Instead of chopping it all up for firewood, Palmer took a piece to a wood carver he came across in Peggys Cove.

“I thought it would be a really cool time to say, look, the tree is not really gone,” said Palmer.

He asked for a sculpture of a dolphin — his fiancé’s favourite animal — and decided to surprise her with it.

Rozee said when she first laid eyes on the creation, “it dropped me to my knees.”

A man in a red shirt sits beside a woman in a grey sweater beside a wooden sculpture of a dolphin.
Mike Palmer and his wife, Charmaine Rozee, in their home with a dolphin sculpture created out of wood from the tree that collapsed on their property. (Robert Short/CBC)

The carver, Jay MacKay, runs his own wood workshop called DaVinci in Wood. He said Palmer wasn’t the only person who brought him a piece of a family tree damaged by the September storm.

MacKay said it’s the first time clients have supplied the logs he uses to carve from.

So far, he has carved three Fiona commissions with his chainsaw — a heron, a dolphin, and his latest, an owl.

“What really keeps me going is people’s reactions,” said MacKay, sitting in his wood shop surrounded by sculptures, his shoes covered in sawdust.

A wooden heron stands in front of a maple tree.
A heron stands in front of the maple tree it was carved out of. The tree held sentimental value for the family and was damaged by the storm. (Jay MacKay)

The owl was made from a piece of an elm tree that was uprooted on Kevin English’s property in New Glasgow. His father-in-law had planted it from seed when English’s daughter was a baby. His father-in-law passed away last year just before Christmas.

“When the hurricane came and blew the tree down, it’s really upset my wife,” English said. “It got completely uprooted, and there was nothing we could do.”

A wooden sculpture of an owl in a truck.
The owl was carved out of a piece of a downed tree that Kevin English had chopped up for firewood. (Jay MacKay)

English said the sculpture is a Christmas present to his wife.

“She likes owls quite a bit, so I figured it’d be nice to have something for her that her father grew,” he said.

MacKay’s father was also a carver, and a folk artist who inspired him to start carving at the age of five. A few years ago, MacKay quit his carpentry job to work as a carver full-time.

He’s created hundreds of sculptures, sentimental pieces depicting family dogs, for example, or of a beloved grandfather who was a fisher.
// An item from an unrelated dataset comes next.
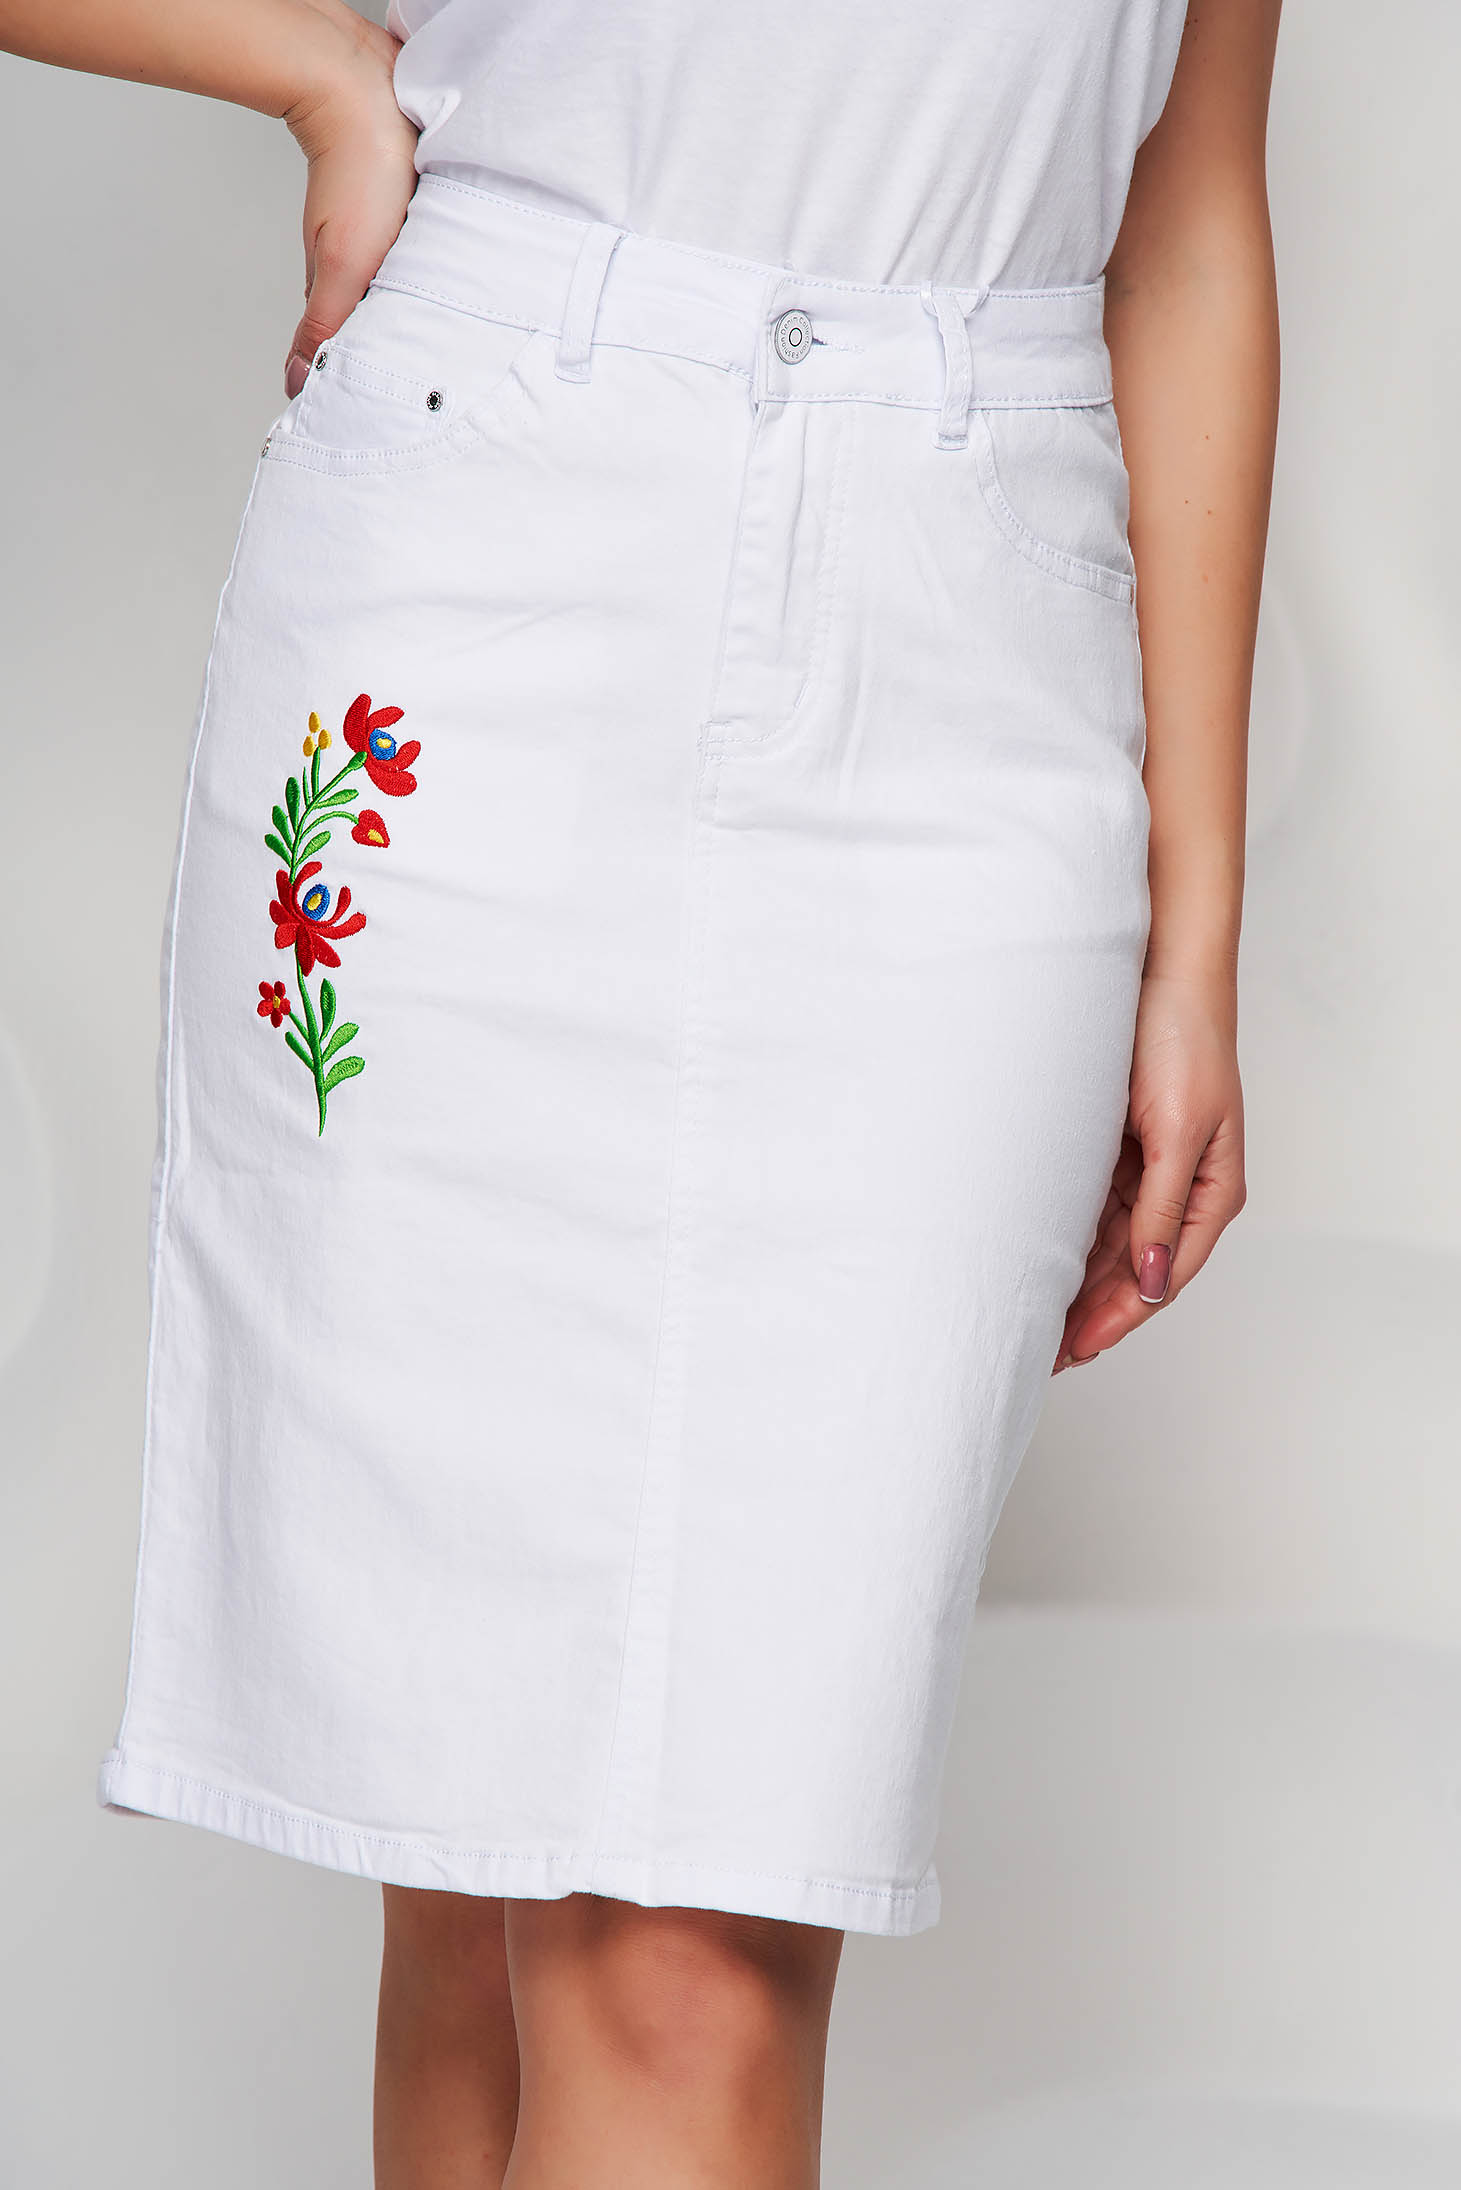 White skirt denim high waisted embroidered midi straight

Other pieces he’s made were used as props for television.

“For me, as an artist, well, it’s a passion,” he said.

 

N.S. wood carver makes sculptures from trees downed by Fiona

 

Jay MacKay says that after post-tropical storm Fiona hit, clients started bringing in pieces of wood from trees that held sentimental value for them that had been downed by the storm.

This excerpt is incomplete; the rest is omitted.